MLOps has become an integral part of Data Science operations. It aims to ensure that experiments are reproducible and production is managed correctly.

Reproducibility

It is crucial to record the results of all experiments and house these results on a unified platform. This platform should contain our metrics and potentially our checkpoints. For this purpose, DataLab Group employs MLFlow as a tool to secure storage for all the metrics.

Continuous Integration

At DataLab Group, we have conducted experiments using KubeFlow to trigger trains from our CI. The resulting training leads to metrics stored in MLFlow. If the performance metrics are satisfactory, the new model is deployed.

Monitoring

A key aspect of MLOps is ensuring the consistent performance of our models. To achieve this, DataLab Group has established its own monitoring platform, called “MonIA”. Our platform uses several metrics to track the performances of our models in production and to alert the teams in case of detected anomalies, like detecting a drift in data or concepts for example.

Data Quality

The performance and precision of Machine Learning models are significantly impacted by the quality of the training data. It’s crucial to validate the quality with every new batch of data, during the training or prediction steps, to ensure steady performance.
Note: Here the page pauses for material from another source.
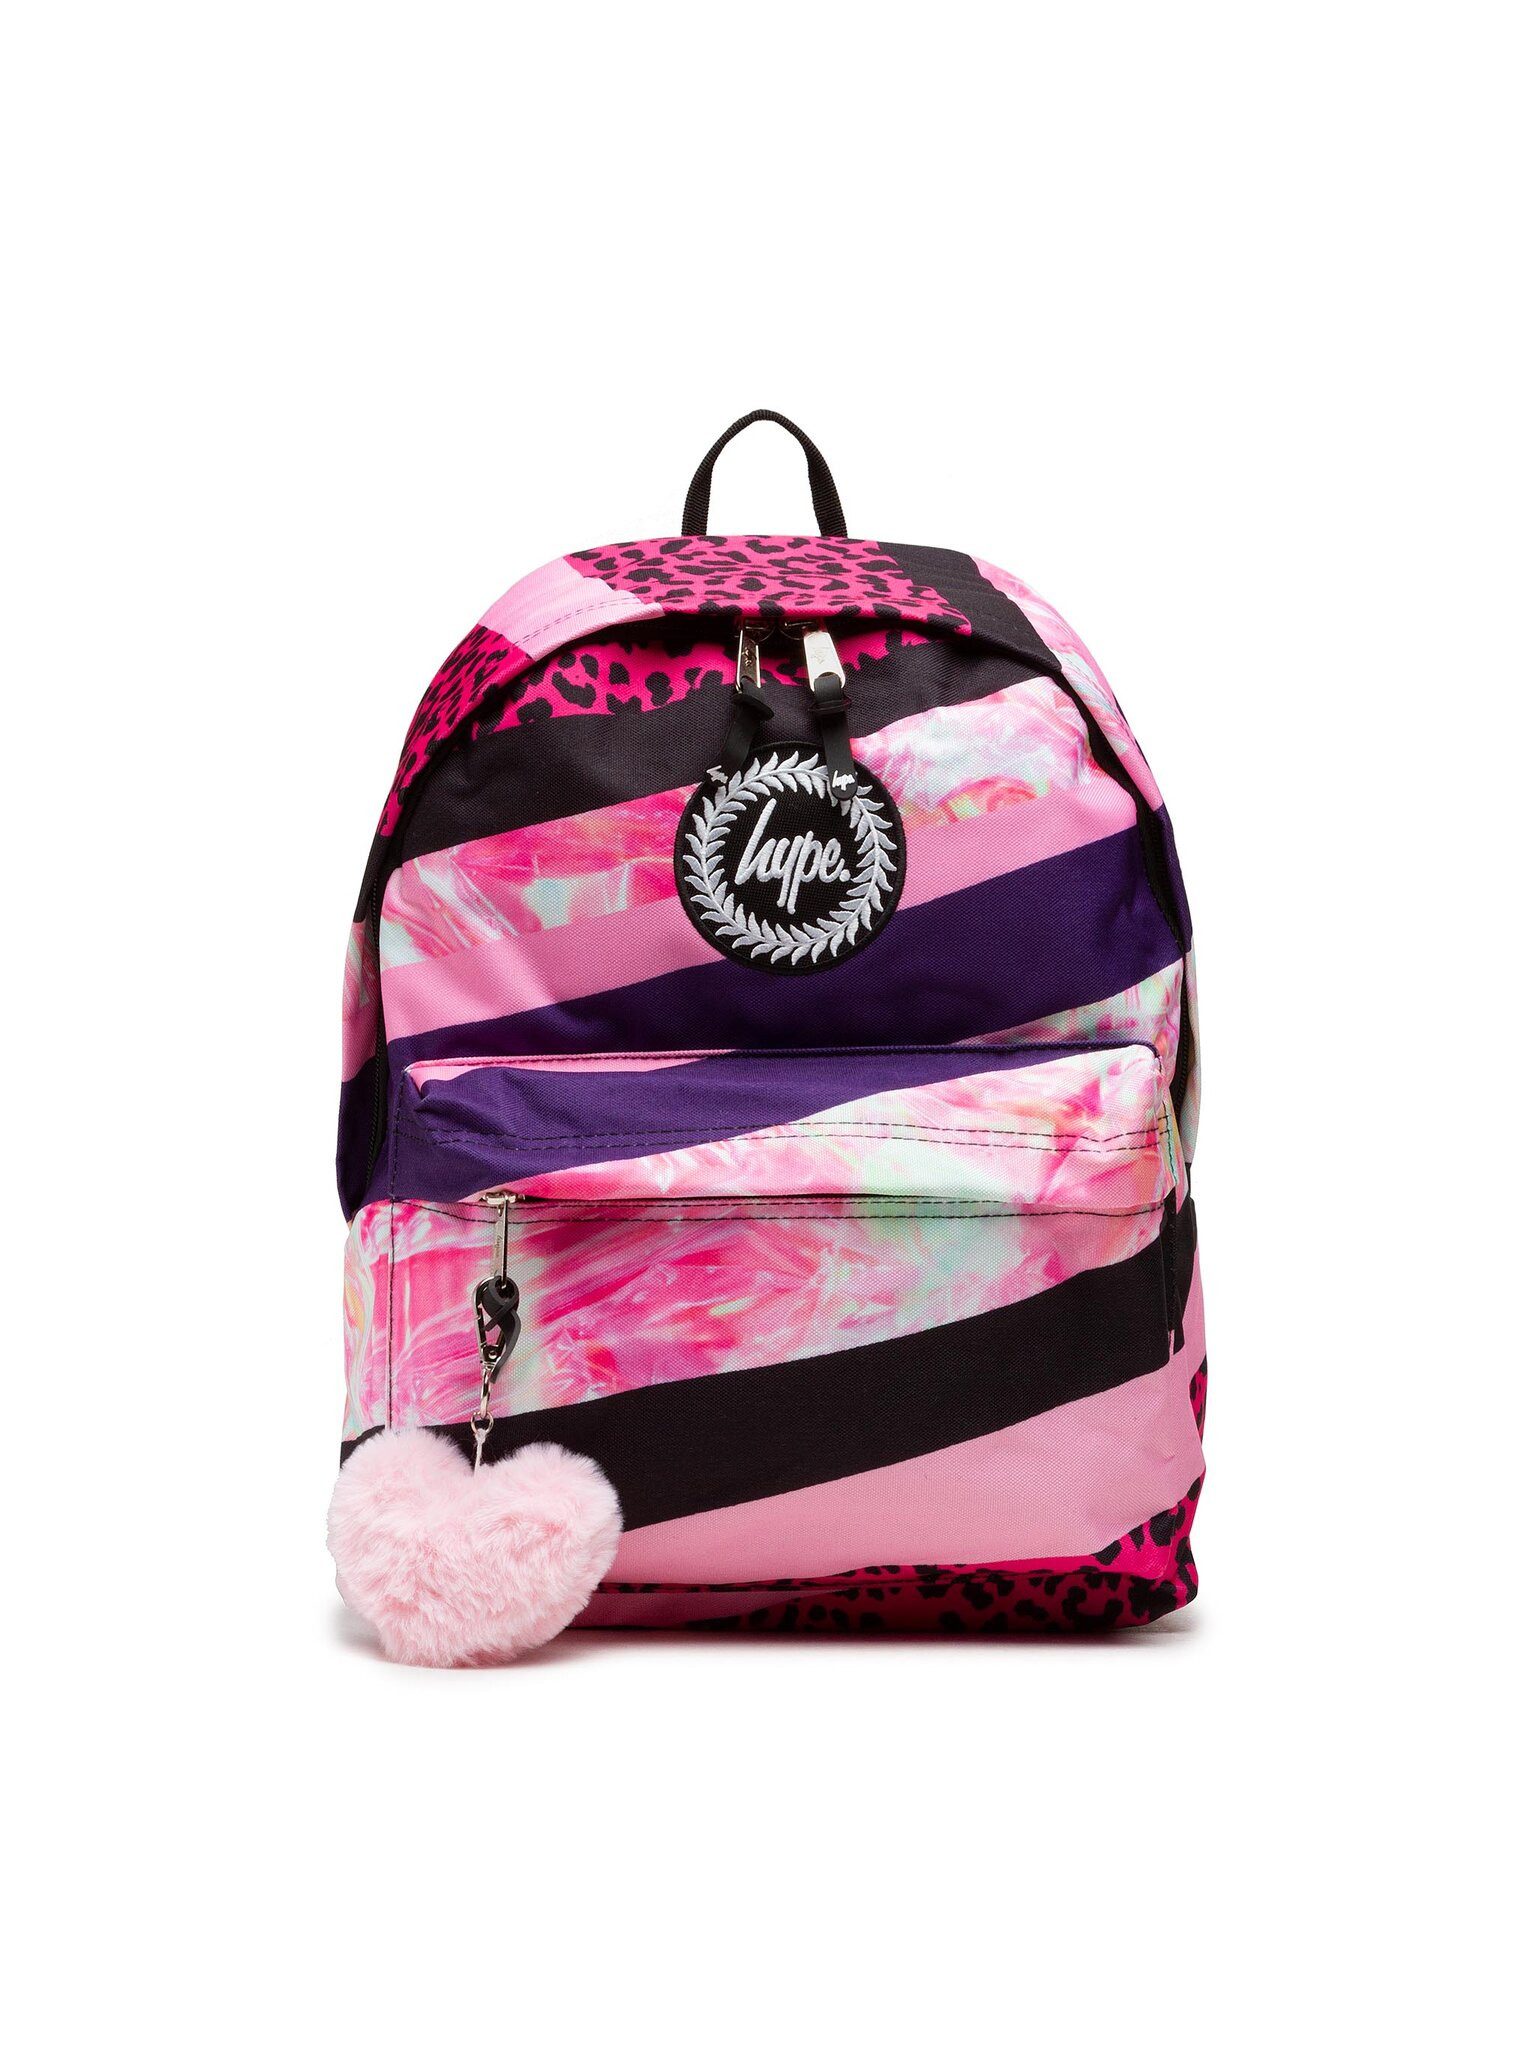 Hype Freizeitrucksack Rucksack Dark Pink Stripe Crest Backpack YVLR-653 Black/Pink

In a fully industrial environment, these validations should be initiated automatically with each run, providing alerts if the data falls short of the necessary quality standards.

At Datalab, we’ve created a data validation tool called “Diagnos”. This tool, particularly designed for tabular data, is set up at the start of our ML pipelines. It guarantees that the data consistently fulfills quality standards and complies with the initial criteria.

Data Cataloging

Data Cataloging is a systematic approach to documenting data, creating an extensive inventory of a company’s data assets. It provides a structured, searchable resource that allows users to efficiently comprehend and locate the necessary data.
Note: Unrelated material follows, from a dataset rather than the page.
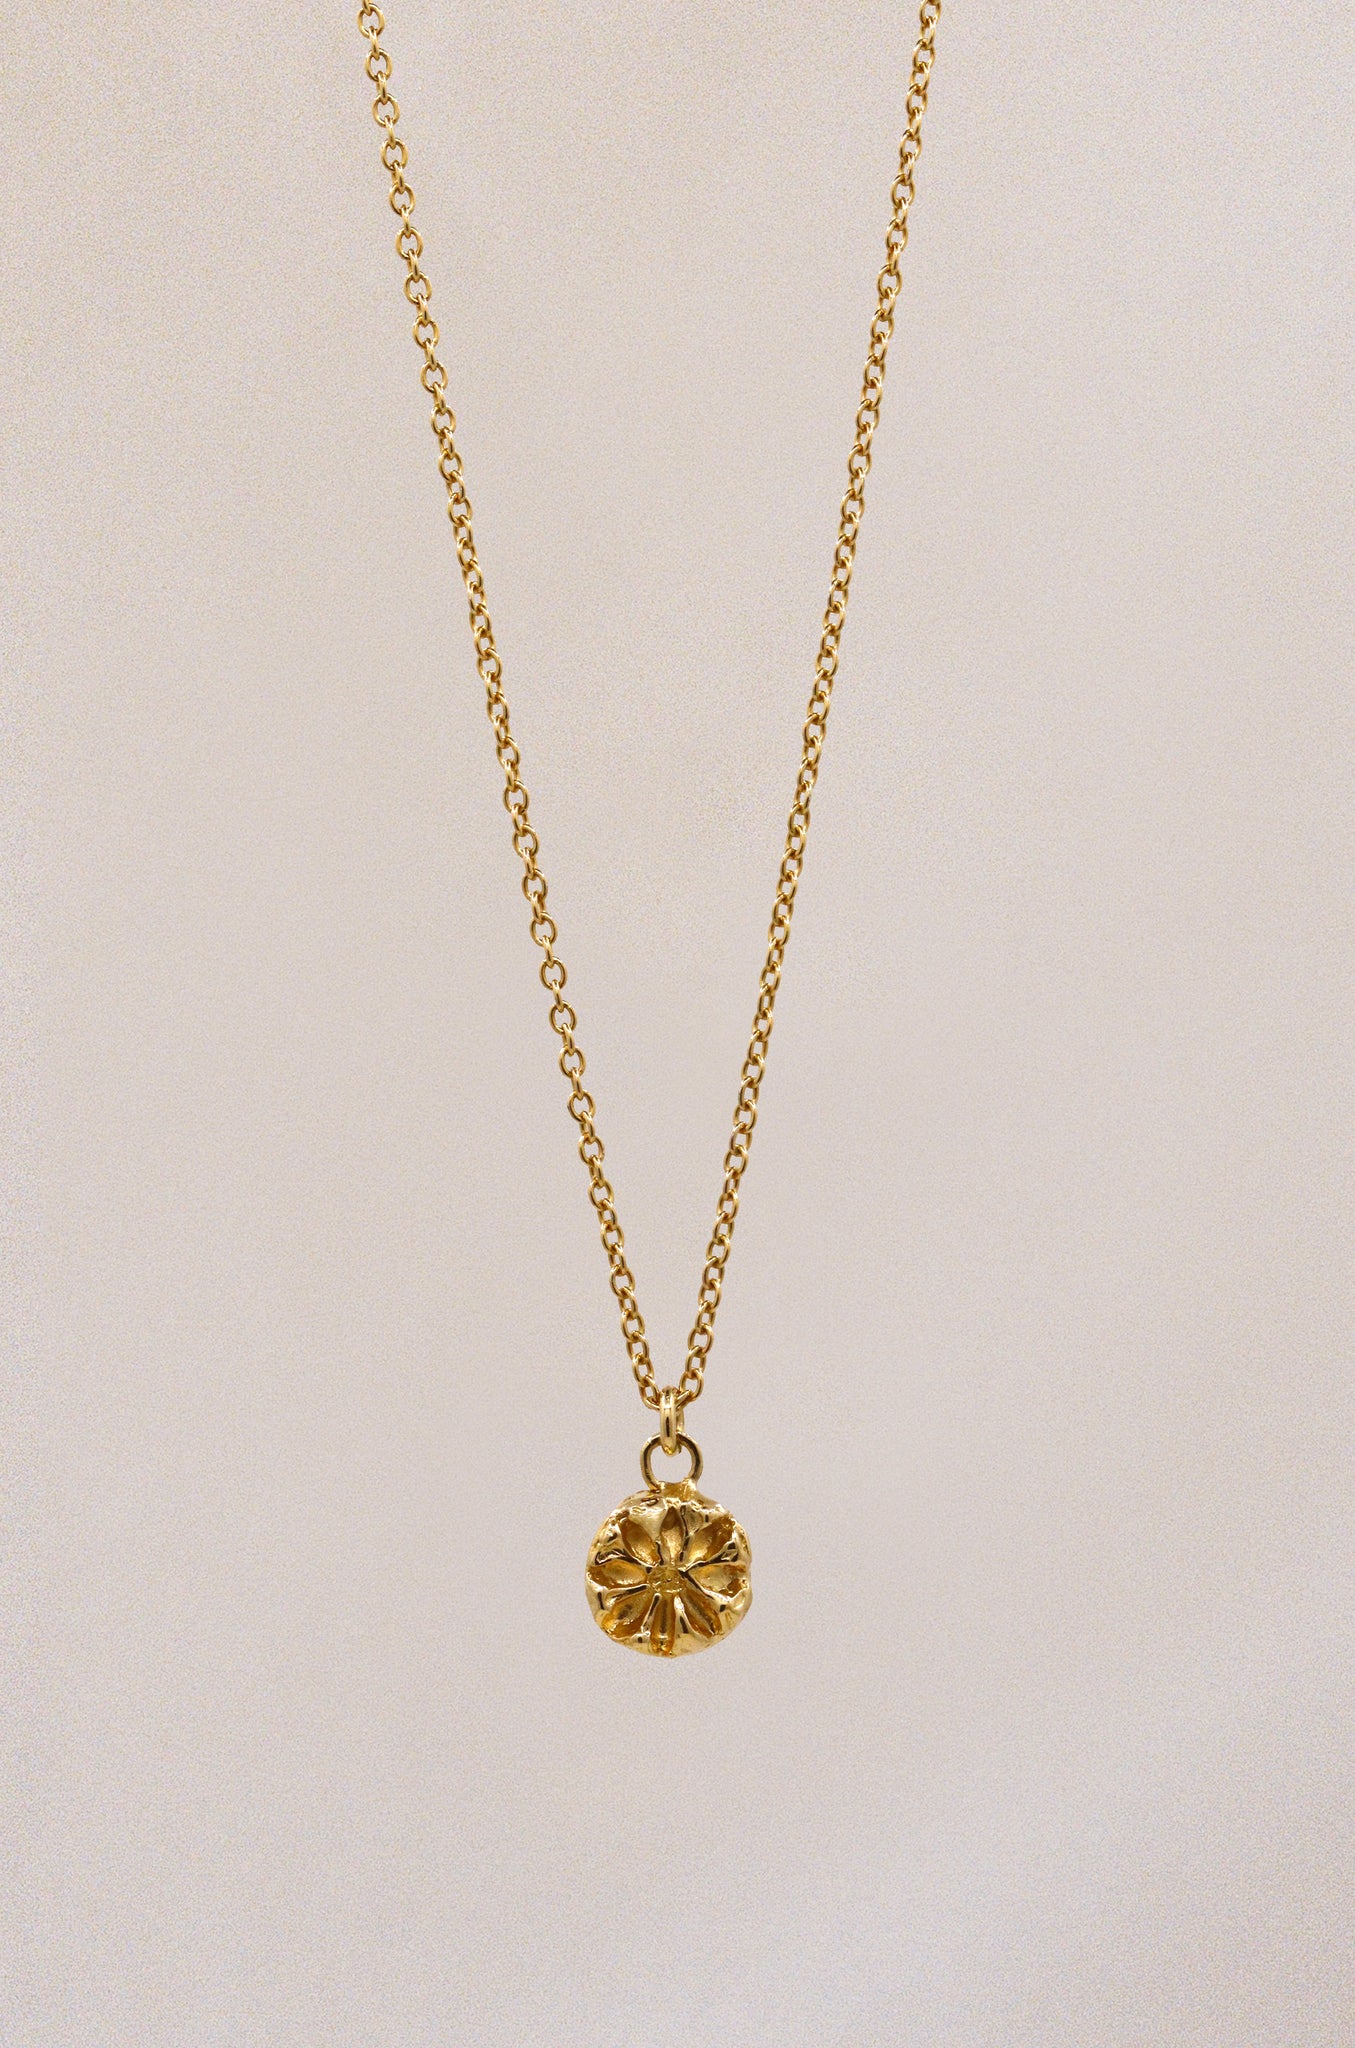 Quarry Necklace - Gold Vermeil

This practice helps us maintain a clear “project lineage”, allowing us to trace the data used at each project phase and how it was generated, without requiring code comprehension or technical documentation review. This is especially useful for non-coders. Also, this approach aids in the role transition process, ensuring seamless continuity.

Data Versioning

Data versioning is the practice of managing and recording changes in datasets over time.

This method is particularly crucial for ensuring reproducibility, especially during a project’s experimental phase, when numerous data iterations need to be explored before choosing the most efficient version for model training.

There are two primary strategies for data versioning. One strategy involves taking a comprehensive “snapshot” of the database, while the other strategy concentrates on tracking alterations or discrepancies between two versions.

At DataLab, we have studied and experimented several technologies to ensure a robust versioning process applicable to all the use cases we develop for our customers. We have also put in place guidelines and best practices do well document the process of data versioning.